Никто взревел и заклокотал. Четверо людей подняли головы и посмотрели на него – зверь окончательно обезумел и уже не мог говорить. Блаженство на грани бешенства кипело в нем, выдавая себя в быстрых резких движениях, улыбке, почти разрезавшей его голову на две половины, неизвестно как державшую их вместе и в глазах, где кипела, сверкала, искрилась красная лава, и свет ее озарял его жуткое лицо.

– Оно свихнулось… – прошептал Игорь.

– А тут в здравом уме и делать нечего, – ответила ему Ирма.

Влад не смотрел на них и не слушал, он уперся глазами в открывшуюся перед ним дорогу к огромному черному столбу, уходившему в небо.

Откуда-то сзади, со стороны гор за спиной, послышался знакомый визг – армия теней возвращалась к своему замку на зов хозяина и возвещала о подкреплении невыносимым визгом миллиардов нечеловеческих голосов.

Никто оглянулся на звук и, отряхнувшись совсем как собака, снова низко и утробно захохотал. Влад поднял на него глаза. Их взгляды встретились, и Влад с ужасом увидел, как доведенное до сумасшествия блаженство сделало зверя совершенно не управляемым. Он свихнулся, он хохотал и улыбался, слыша, что к ним приближается смерть, будучи единственным, кто обладал силой, способной победить Умбру. Там ли ты, Лера? Жива ли? Или безумие добралось и до тебя? Никто наклонил голову в сторону, как делают псы, когда пытаются понять, о чем толкует человек, внимательно прислушиваясь к мыслям Влада. Потом оно кивнуло, впиваясь сумасшедшими глазами в мужчину, и, посмотрев на крошечных людей под ногами, прорычало:

– Бежим! Самое интересное начинается!

И, захохотав, он рванул вперед, к тому самому шпилю из темно-серого графита. Влад, Ирма, Косой и Игорь понеслись следом, изо всех сил стараясь не отставать, но это было не так-то просто. Огромное чудовище с длинными, мускулистыми ногами неслось во весь опор, и не было в мире человека, способного сравниться с ним. Земля сотрясалась под огромными ногами и отвечала эхом на каждый его прыжок, содрогаясь по тяжелым телом, воздух сопротивлялся ему, толкая его в грудь и огибая широкую спину, вихрями сливался за его спиной, отбрасывая назад людей, бегущих за ним. Тяжелее всех приходилось Ирме, ведь ее шикарное тело для бега не предназначено. Косой, несмотря на несуразность и нескладность своего тела справлялся хорошо и почти нагонял чудовище. Влад и Игорь – молодые, быстрые, крепкие и сильные – бежали быстрее всех и тянули за собой тяжелую Ирму, так что ноги той почти не касались земли, но даже они не успевали за Никто, который, в своем безумии, стал совершенно недосягаем.

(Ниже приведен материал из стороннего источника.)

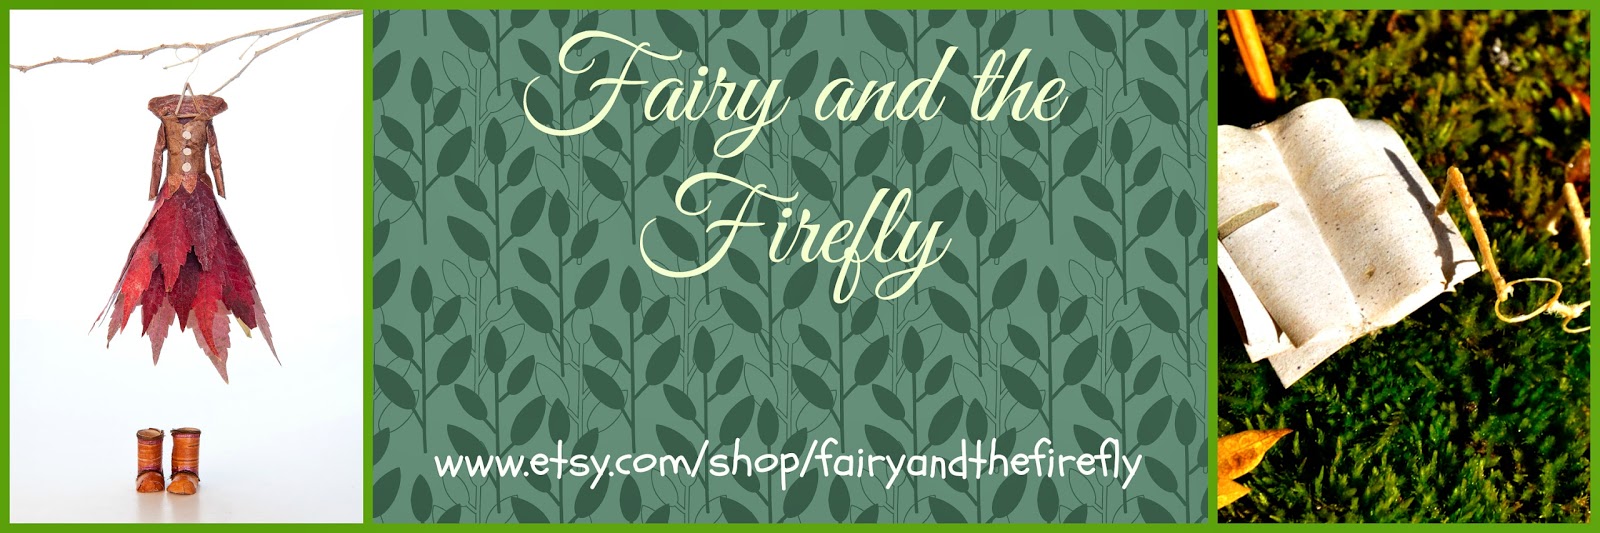 CraftyGirl's Feature Shop: FairyandtheFirefly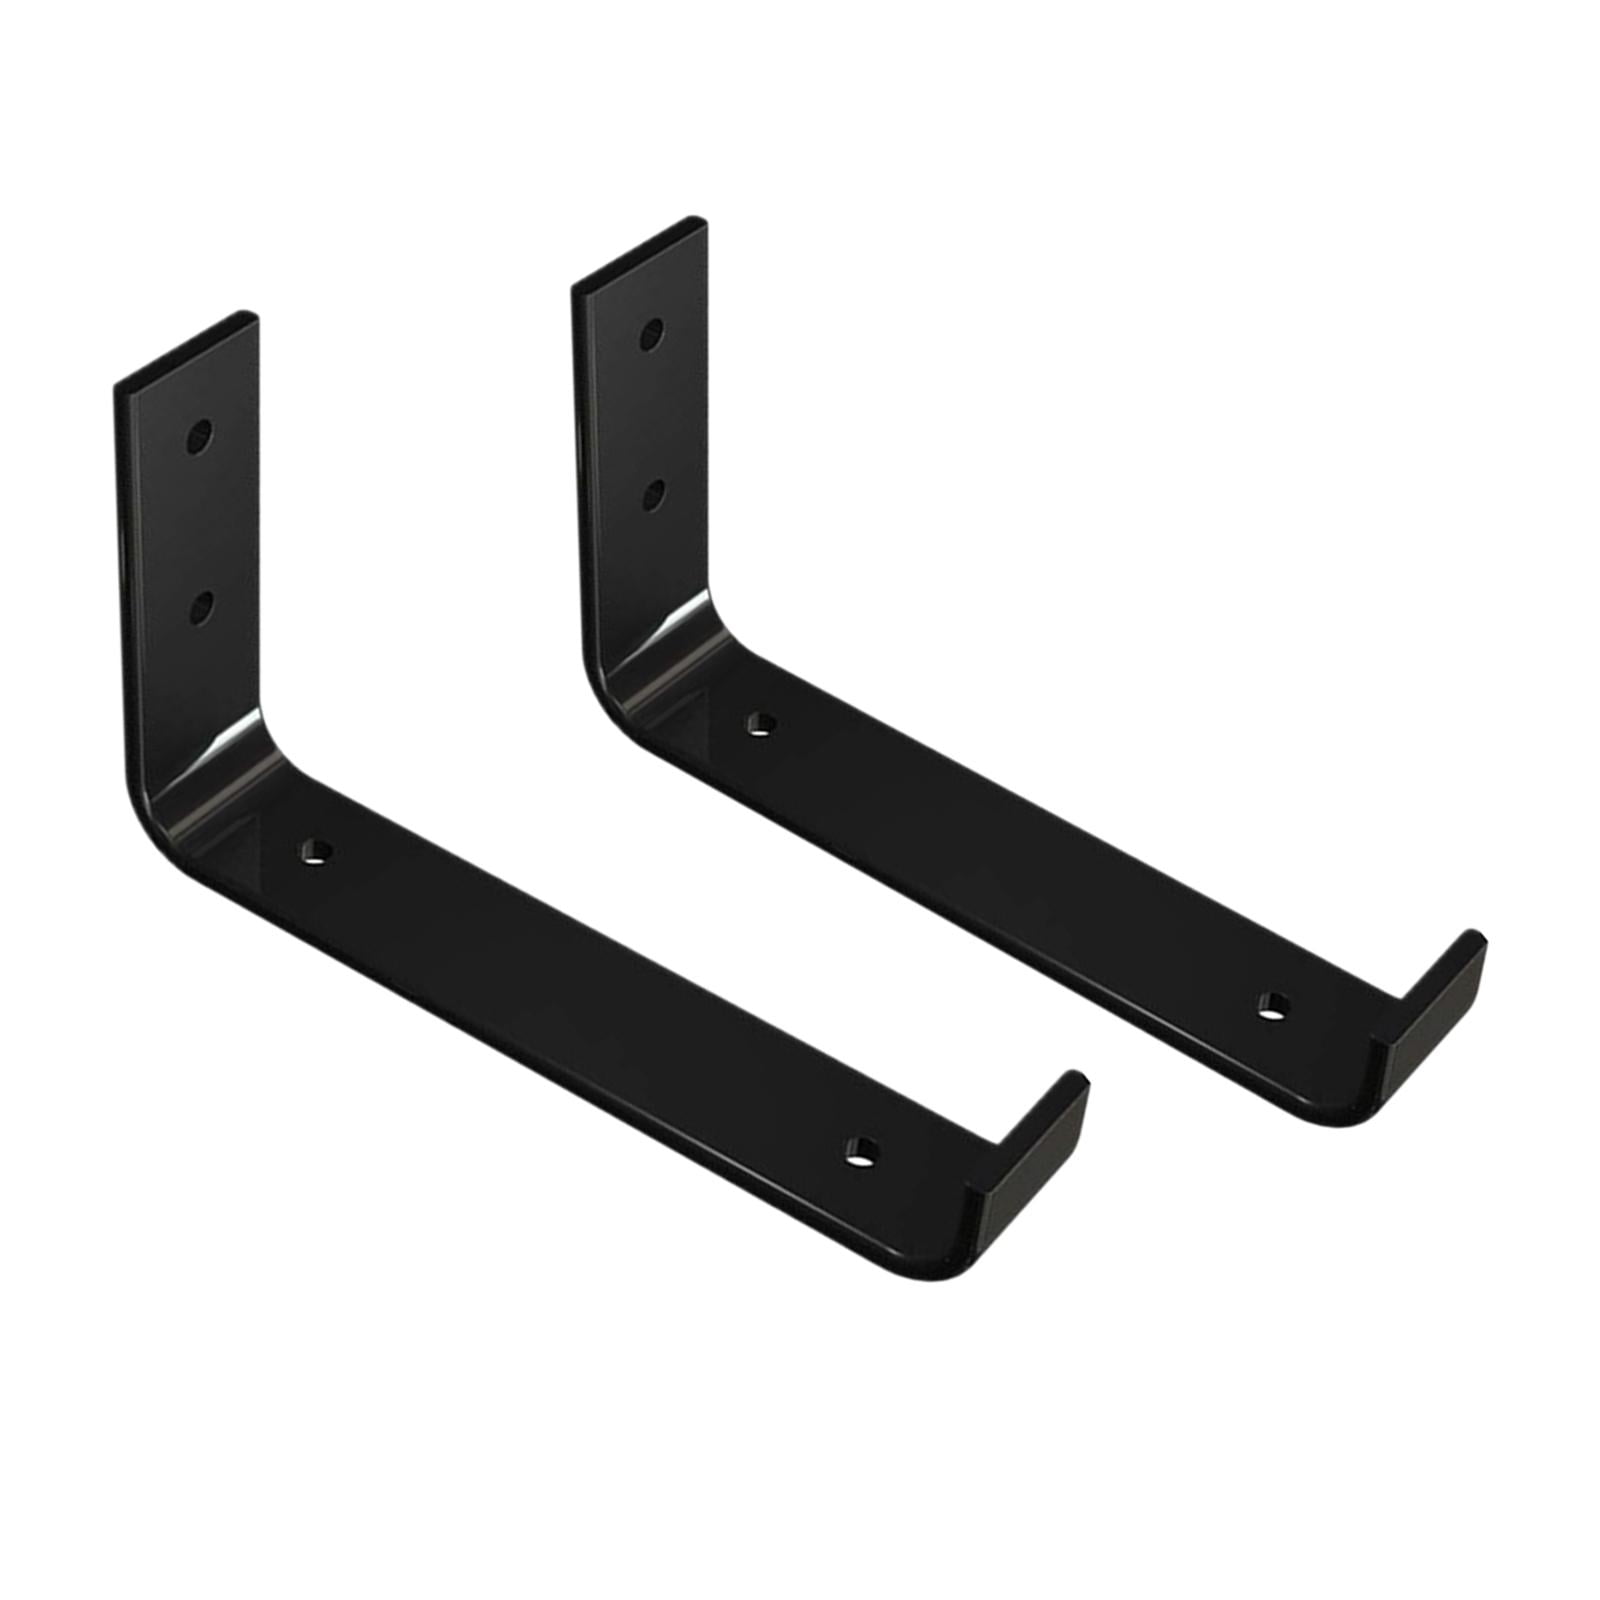 2x Heavy Duty Wall Rack Shelf Bracket Support Plank Holder 15x9.5cm Black

За спинами, совсем близко, послышался знакомый визг, впивающийся тонкими иглами прямо в голову. Они близко. Они совсем близко. И страх дал людям то, что было необходимо – сил и скорости. Нагоняя чудовище, крохотные и слабые, они неслись, подгоняемые желанием жить, неизвестно откуда черпая силы. А Никто летел, смеясь и рыча. Клокотание вырывалось из него, сопровождаемое жутким звуком, похожим на смех и хрип одновременно. Он замахнулся звериной лапой и на всем ходу, не сбавляя скорости, ударил по одному из кристаллов, стоящему на его пути. Тот взорвался, со стеклянным звоном разлетаясь на сотни мелких и крупных осколков. Влада, Ирму, Игоря и Косого, окатило градом мелкой шрапнели. Ирма взвизгнула, мужчины успели прикрыться руками, но все же местами на коже остались сетки мелких порезов.

Влад оглянулся и взвыл сквозь стиснутые зубы – черно-серая масса за их спинами стремительно приближалась к ним, сокращая расстояние так же быстро, как летел впереди зверь. Крошечные, медленные, беспомощные люди, выбивающиеся из сил, съедаемые страхом и отчаяньем, оказались в эпицентре столкновения двух внеземных титанов, чьи силы, а главное – цели, совершенно непостижимы. Вихрь закручивался все сильнее, земля дрожала под ногами, нервы и силы на пределе. Ирма взвизгнула от очередной порции осколков, посыпавшихся спереди. Влад посмотрел вперед и увидел, что они – практически у подножья огромного монолитного столба. Отсюда он казался гораздо больше, шире и внушительнее, чем издали. По-прежнему непроницаемое, оно выглядело огромным монолитом, без окон и дверей. Оно внушало страх – ни входа, ни выхода, лишь огромная черно-серая глыба, уходящая далеко в небо.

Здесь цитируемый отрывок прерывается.